Yeah, you can sell the stock wheels on Craigslist for a hundred bucks or so.  Going with the Soft 8's is good, because then you could run the 33 x 12.50 size, which is much more common.


The Spidertrax spacers are best, but they're $99 a pair, so that's not much less than new wheels...


But, running the 33 x 10.50 tires should work just fine with no spacers, so you could still go that route without having to purchase wheels or spacers, and save a little money.

--

95 Chevy Tahoe 2 door, 6.5L turbodiesel, 285/75R16 Kenda Klever M/T's on Toyota steelies, some other goodies.  Overlanding Fun

December 11, 2010 at 2:00 PM Flag Quote & Reply

Chancho
Limited Member
Posts: 116

5 alloy wheels with tires for 100 bucks?  For some reason, I imagined that they would be worth more than that.  I think I'll order the Soft 8's.  I'll have a lot more choices when it comes to 33x12.50's than I will with 33x10.50's.  Is 4" of back space sufficient to mount 33x12.50's?
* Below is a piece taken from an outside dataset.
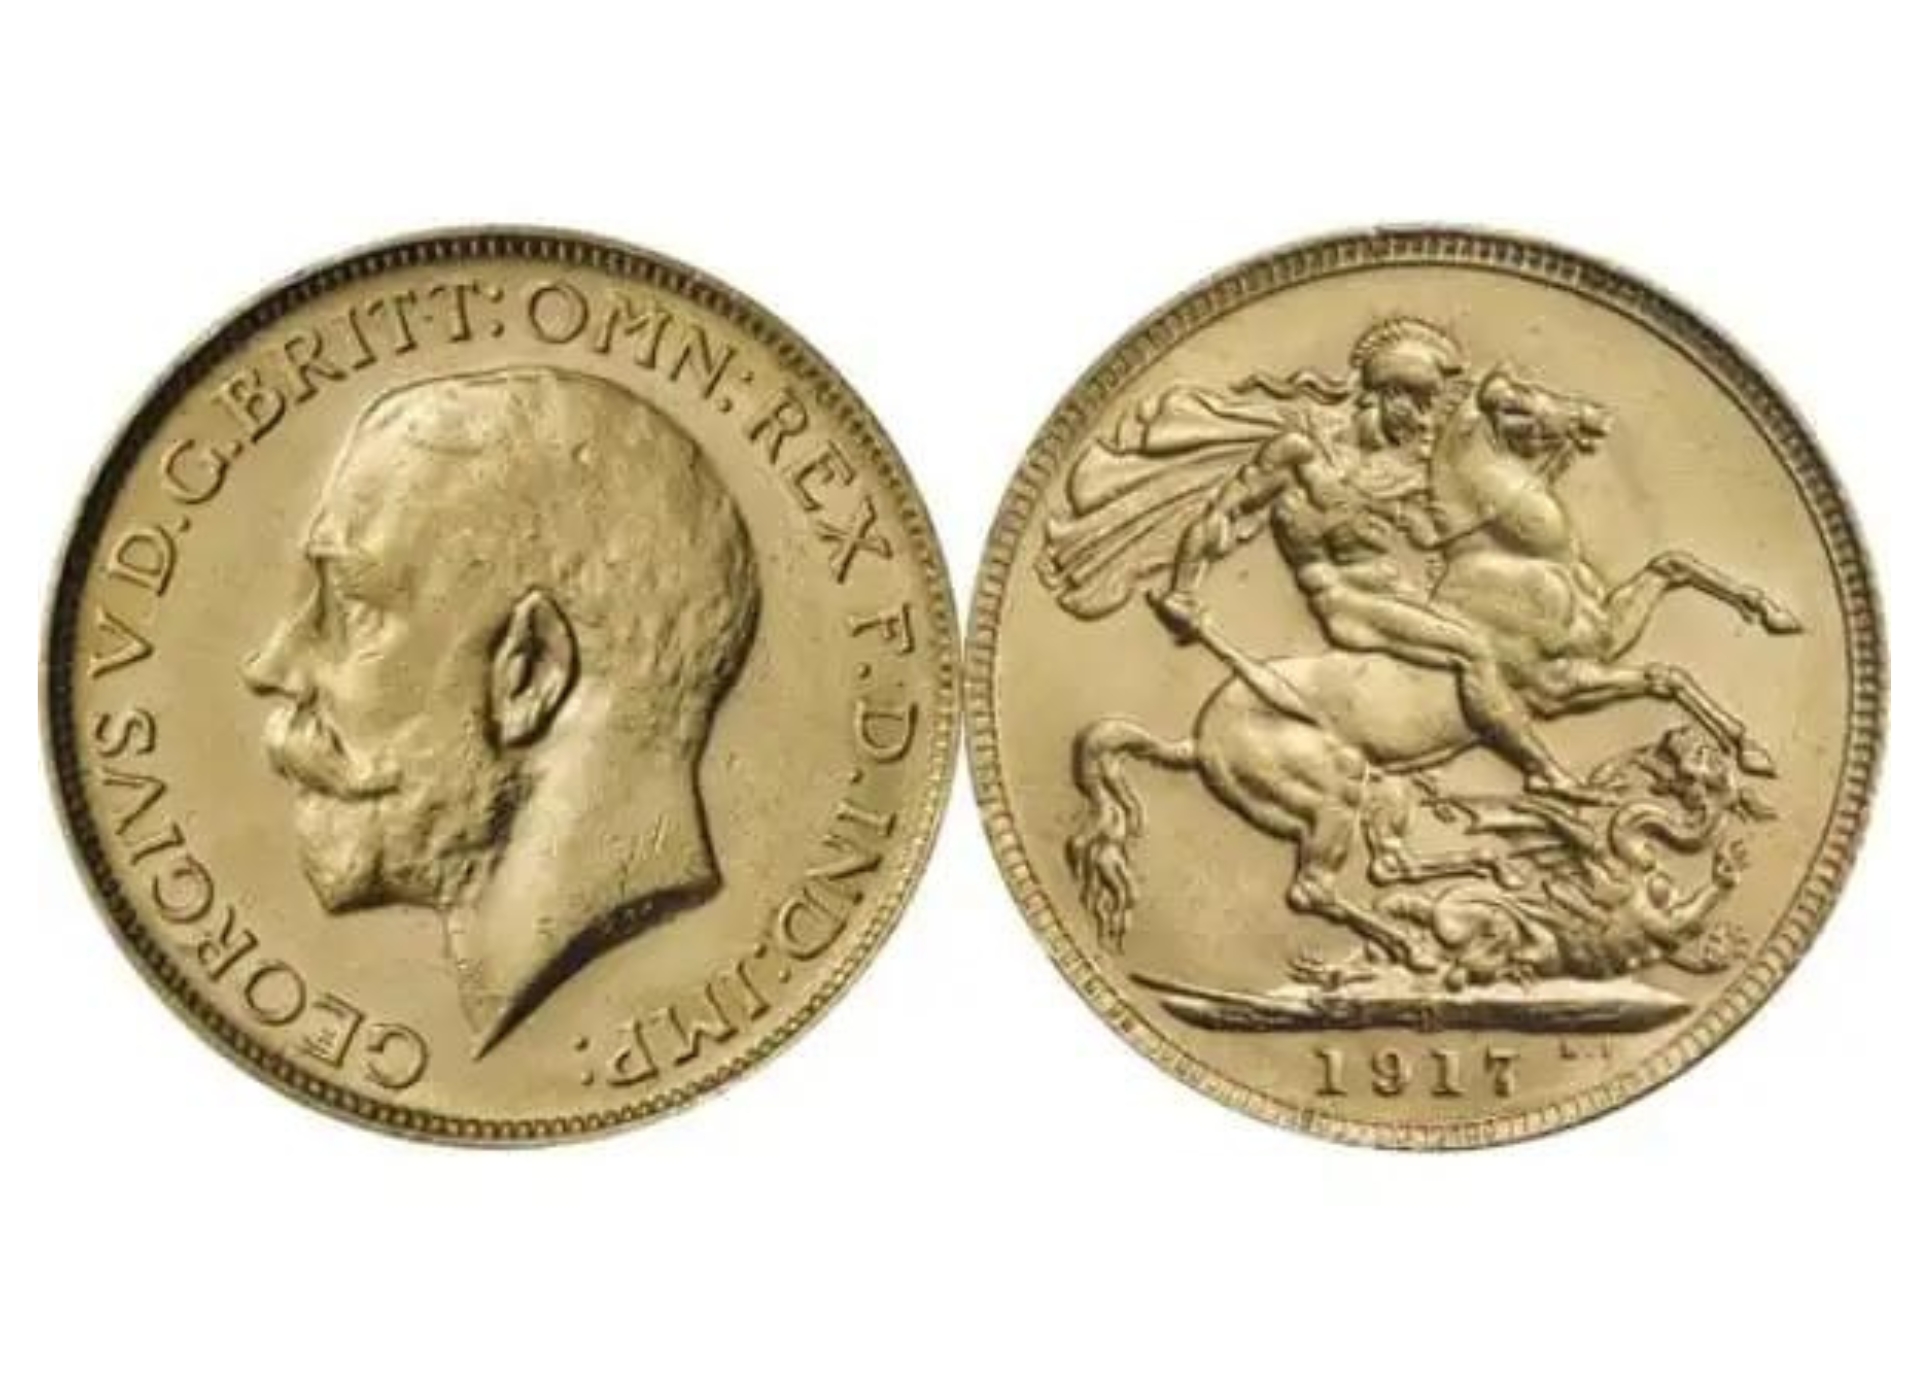 Foto: The Royal Mint
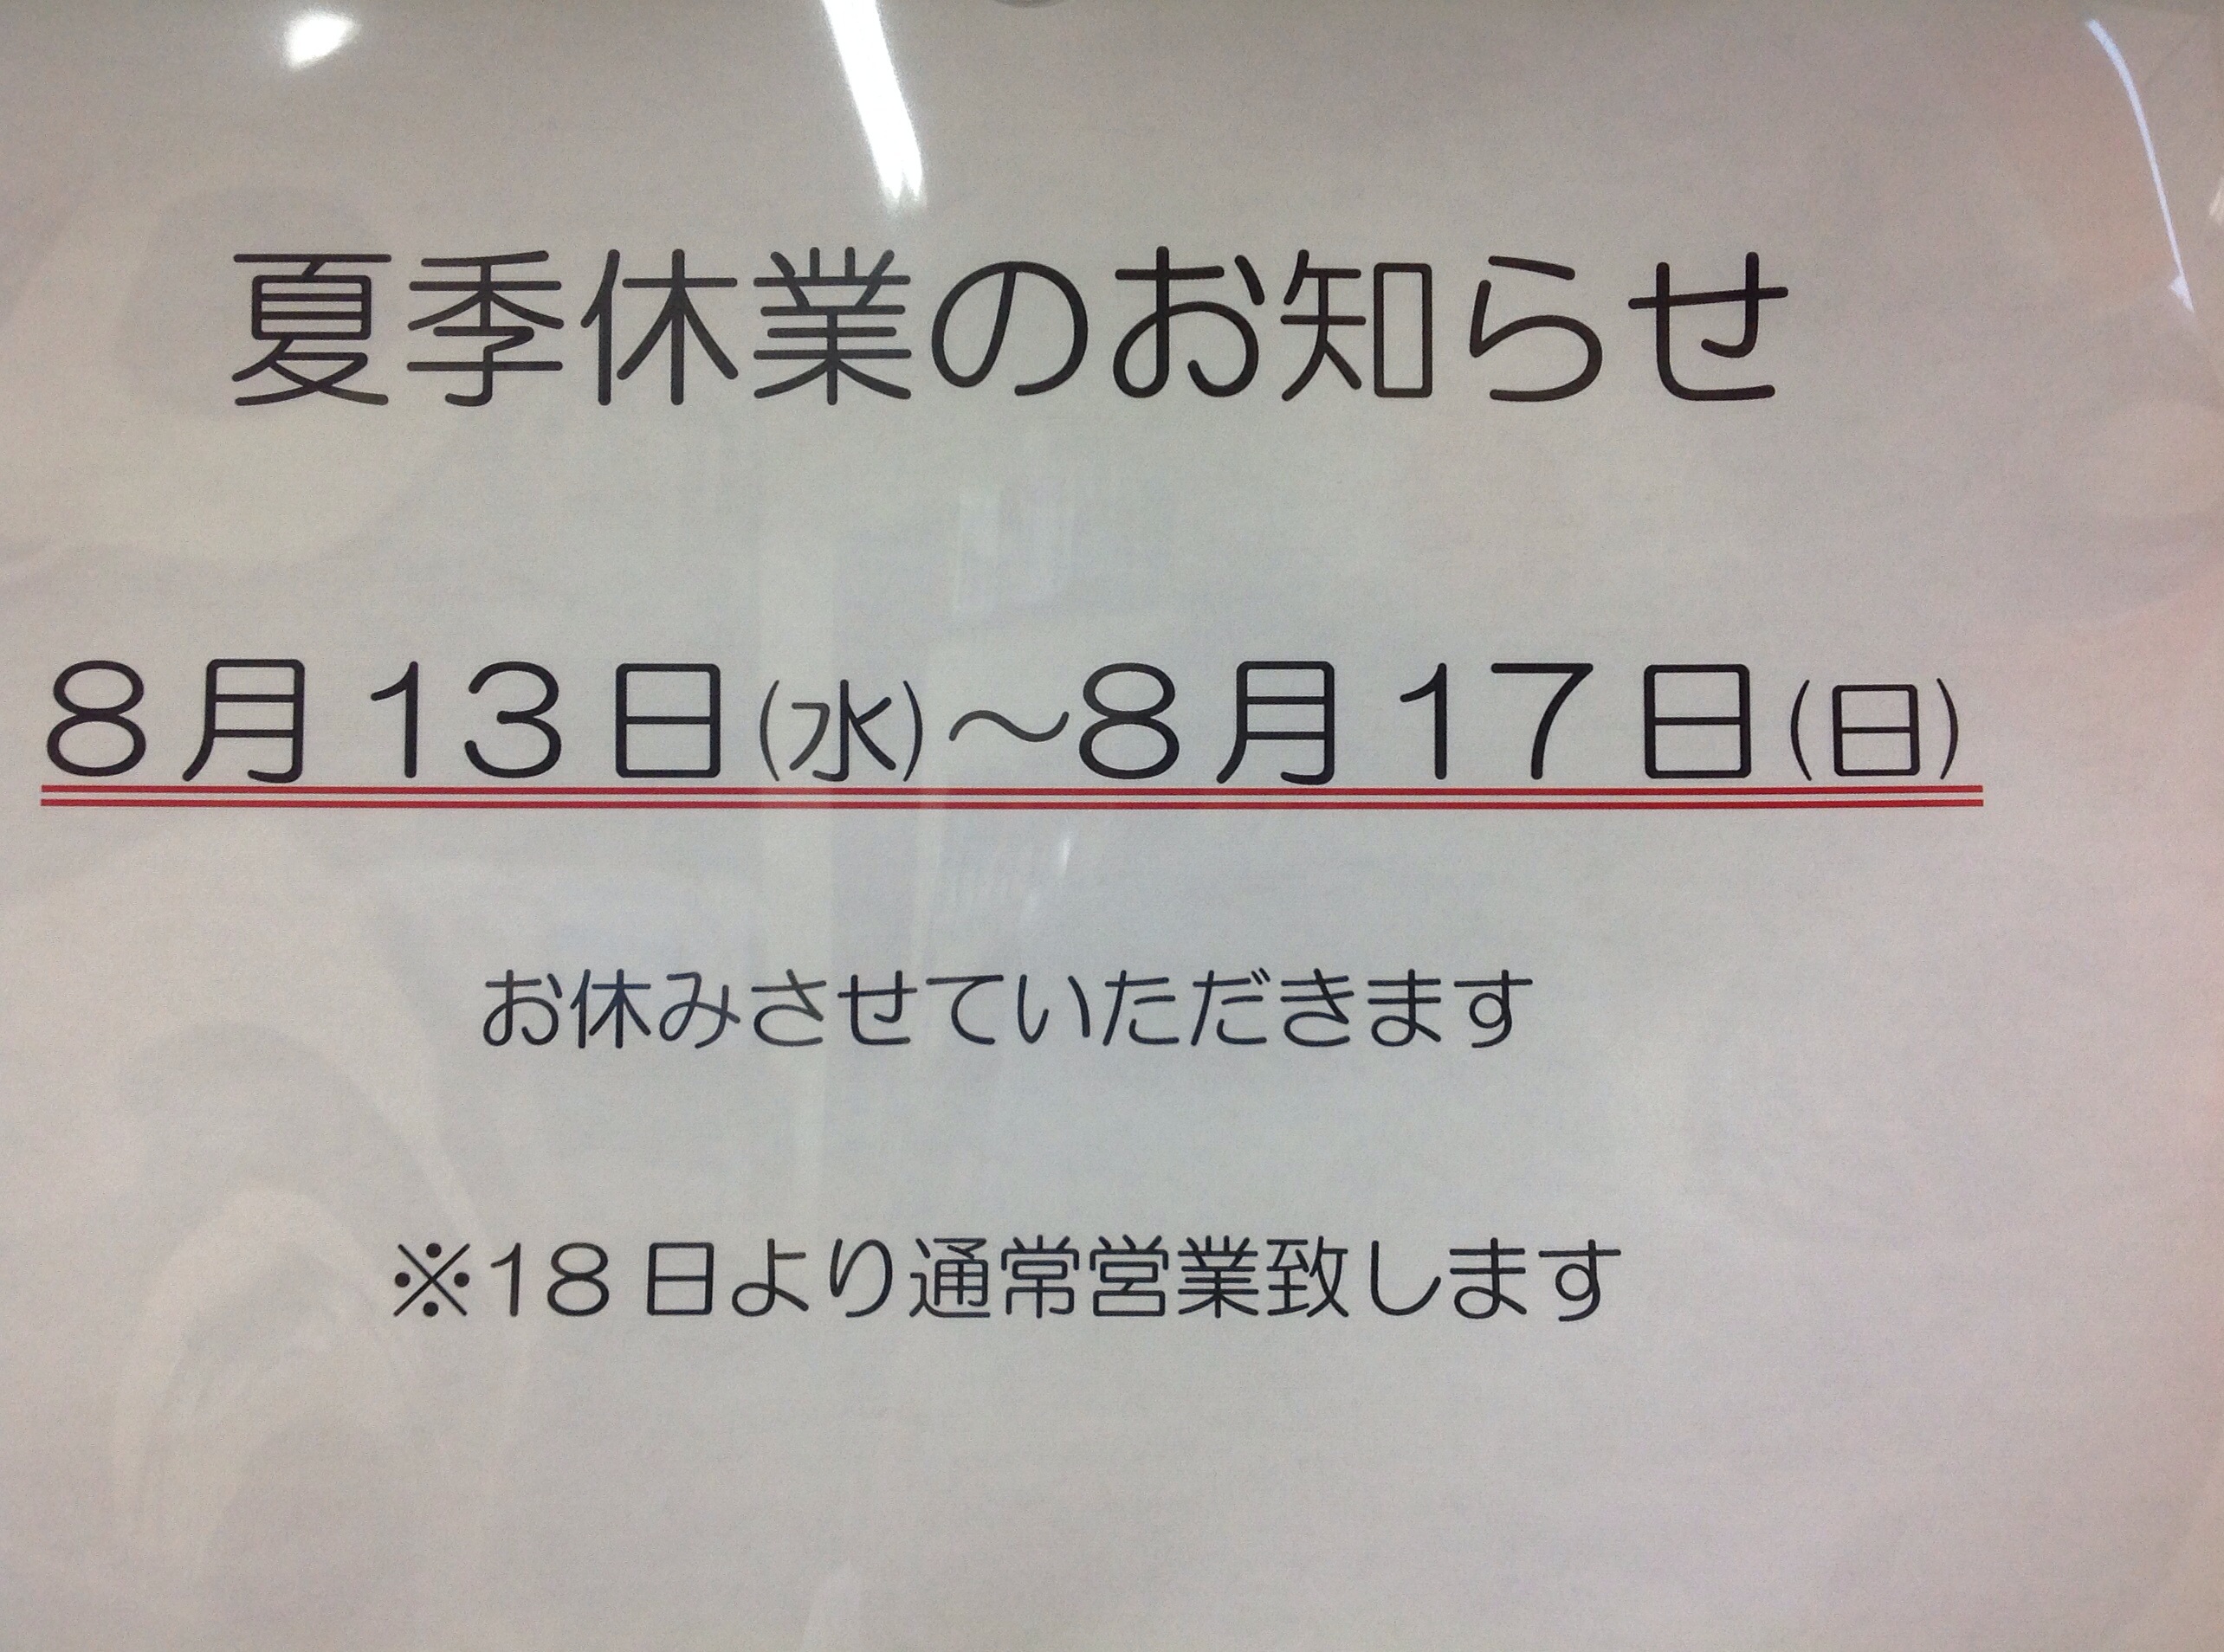 http://www.root-ex.co.jp/jumonji/2014/08/12/1/image.jpg

December 11, 2010 at 2:39 PM Flag Quote & Reply

arveetek
Member
Posts: 948

There are a lot of people selling stock Jeep wheels, so it's an issue of supply and demand!

--

95 Chevy Tahoe 2 door, 6.5L turbodiesel, 285/75R16 Kenda Klever M/T's on Toyota steelies, some other goodies.  Overlanding Fun

December 11, 2010 at 3:43 PM Flag Quote & Reply

Chancho
Limited Member
Posts: 116

Just ordered 5 of the 15X8 Soft 8's.  :D

December 11, 2010 at 4:37 PM Flag Quote & Reply

arjeepin
Limited Member
Posts: 83

Going back to the body lift thing... if you get really twisted up and flex too much the longer bolts required for a body lift will break under the stress. 

--

1990 YJ........arjeepin on rockwells

December 12, 2010 at 8:55 PM Flag Quote & Reply

Chancho
Limited Member
Posts: 116

Good point Paul.  I'll just steer clear of the body lifts then.

December 12, 2010 at 9:55 PM Flag Quote & Reply

SuperD
Limited Member
Posts: 186

JKS makes the best body lifts, paired with their motor mount lift you will have no radiator or shifter issues, had one on mine for 3 years now

December 15, 2010 at 4:17 PM Flag Quote & Reply

Chancho
Limited Member
Posts: 116

Appreciate the feedback David and welcome to the club.